CNOOC to boost output by 18% over 3 years
China’s top offshore oil producer CNOOC Ltd said it aims to boost output by 18 percent over the next three years, after reporting stronger-than-expected 2014 profit on cost cuts and higher production.
CNOOC, China’s third largest oil company, plans to boost output to 513 million barrels of oil equivalent (BOE) in 2017, up more than 18 percent from 2014, chief financial officer Zhong Hua told reporters at its results briefing.

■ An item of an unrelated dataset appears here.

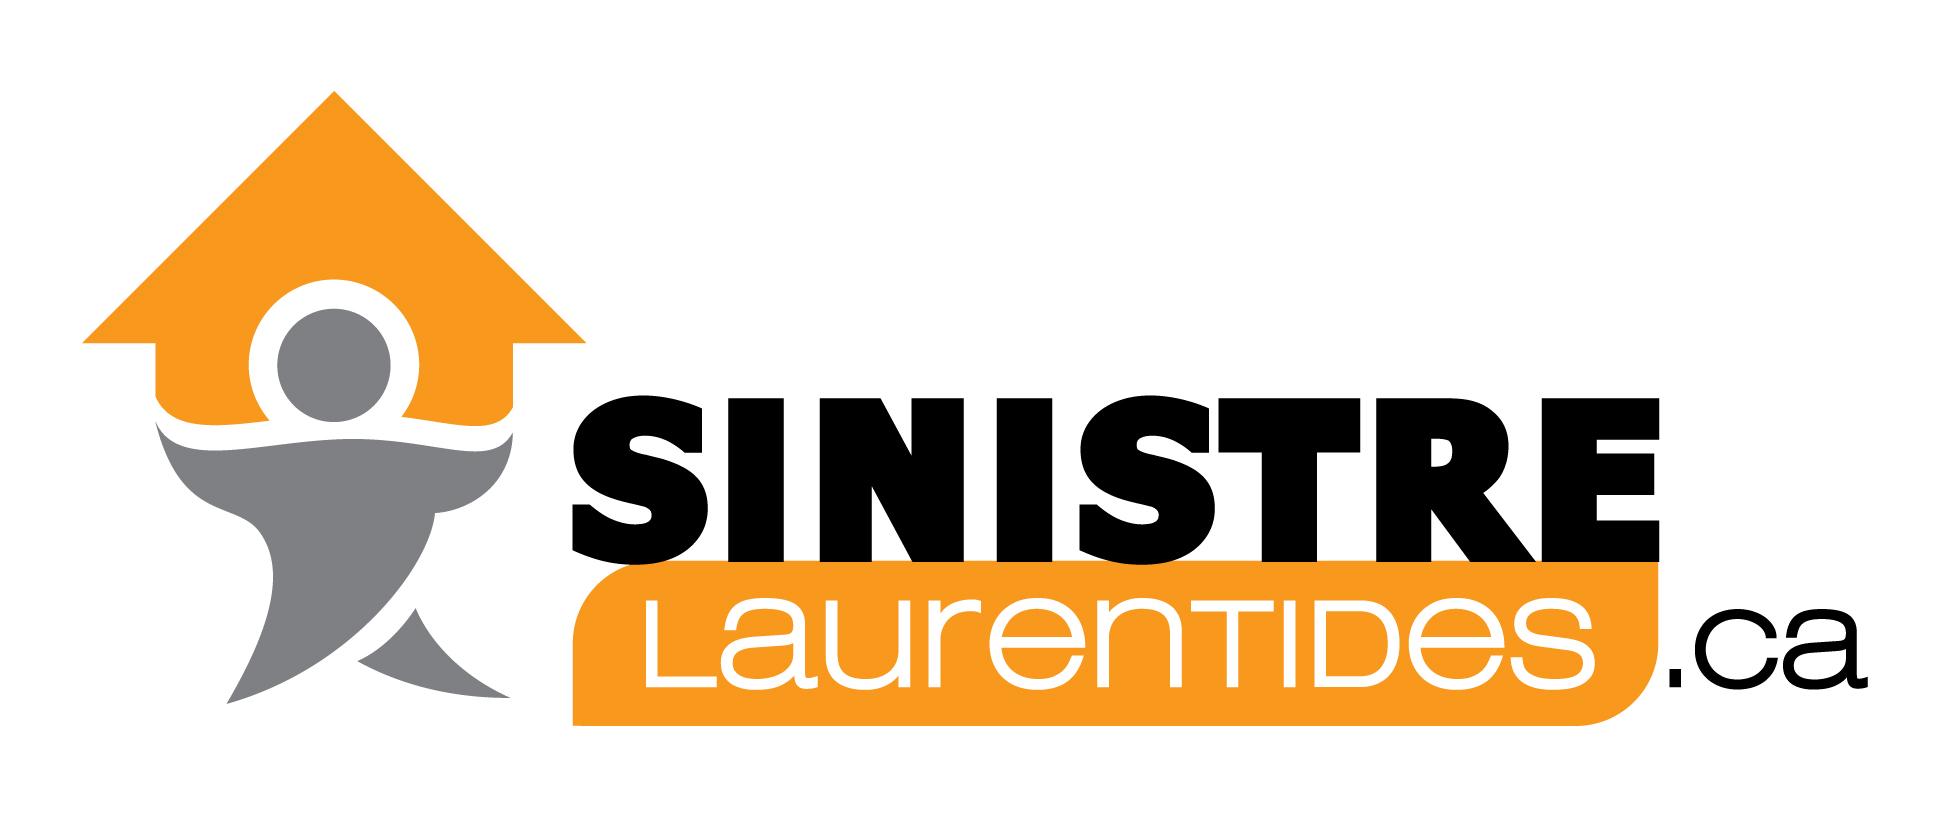 Sinistre Laurentides

But cost cuts will also be a top priority as it braces for long-term oil price weakness. Last month, CNOOC said it planned to slash 2015 capital spending by 26-35 percent to 70 billion-80 billion yuan, while still trying to raise output by up to 15 percent to 495 million BOE.
CNOOC reported net profit of $9.69 billion for last year, up 6.5 percent year on year, as cost cuts, lower tax payment and higher output helped offset the slide in global oil prices.
The clampdown on CNOOC’s costs echoes moves by Chinese oil majors PetroChina and Sinopec Corp. Oil prices have skidded about 50 percent since June, and a government-led probe into graft in the state sector has added to pressure to rein in spending.
CNOOC sold some ageing conventional natural gas assets in Canada last year, and took an asset impairment of 4.1 billion yuan in 2014 on some of its projects in Canada, Gulf of Mexico and Britain.
The Chinese company is also looking for overseas acquisition opportunities as part of its long-term expansion strategy, Wang told reporters. But it will be more flexible in making acquisitions, such as using shares instead of cash only. CNOOC attributed its 2014 profit rise in part to a 6 percent decrease in production costs to $42.3 per BOE last year.